Rhiannon Lay was determined not to be a drop-out statistic when she became a mother during her junior year at Apollo High School in Glendale. So she transferred to Mesa Distance Learning Program and completed her high school certification online.
After high school, Lay got married and was raising her three young daughters. She worked in the banking industry and took some classes at a for-profit college.
Then Lay got a job as a property and casualty insurance specialist with USAA.
The job was more than an income. It paved the way for Lay to earn a college degree.
USAA in one of several Valley companies that partner with Rio Salado College to offer industry-specific workplace education. Employees get customized training that earn college credits leading to certificate and degree completion. Employers get a more educated and engaged workforce.
“Since 2002, more than 5,000 USAA employees have successfully completed their workplace training and earned college credits through our partnership,” said Susan Lawrence, Director of Corporate and Government Partnerships at Rio Salado in a pres release.
During her first year at USAA, Lay enrolled in a certificate program.
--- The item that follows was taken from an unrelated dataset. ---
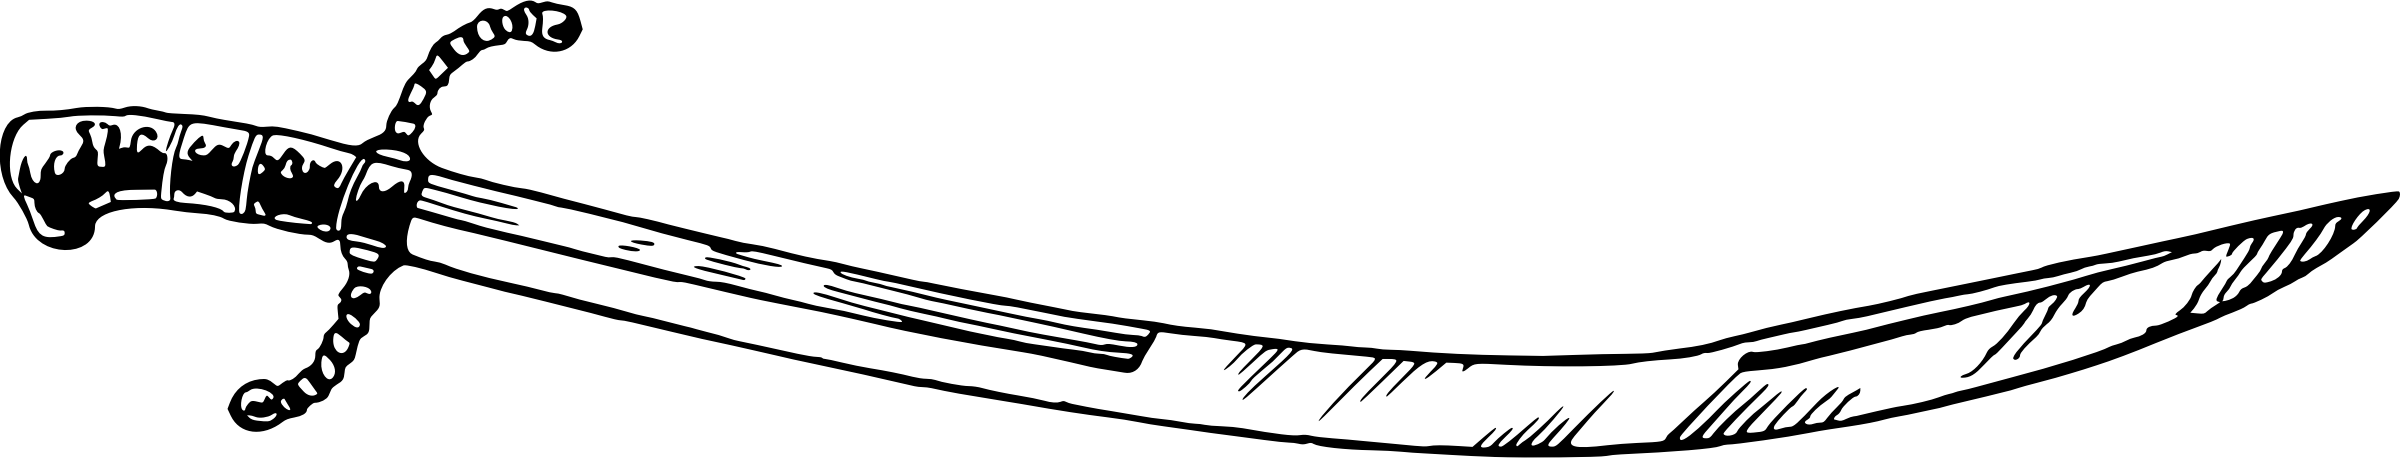 Sabre Sword vector clipart image.

“I was determined to set a good example for my daughters and let them know they can do anything they set their mind to,” Lay said.
When the certificate program ended, Lay met with a Rio Salado advisor and learned that some of her previous college credits could be applied to a degree program.
“Employees can accelerate their degree completion when they consolidate workplace training with additional credits earned at Rio Salado or elsewhere,” Lawrence said. “Many times they only need a few courses to earn their degree.”
Lay graduated from Rio Salado in May with an associate degree in organizational management, and has already experienced the benefits of her education at work.
“We’re encouraged to think outside the box to solve problems and find innovative solutions, so I find myself putting my coursework into practice almost daily at USAA,” Lay said.
Although she admits going to school while working full time and being a full-time parent was a lot of hard work, Lay plans to pursue a bachelor’s degree at Arizona State University in the fall.
“Nothing worth having comes easily,” she said.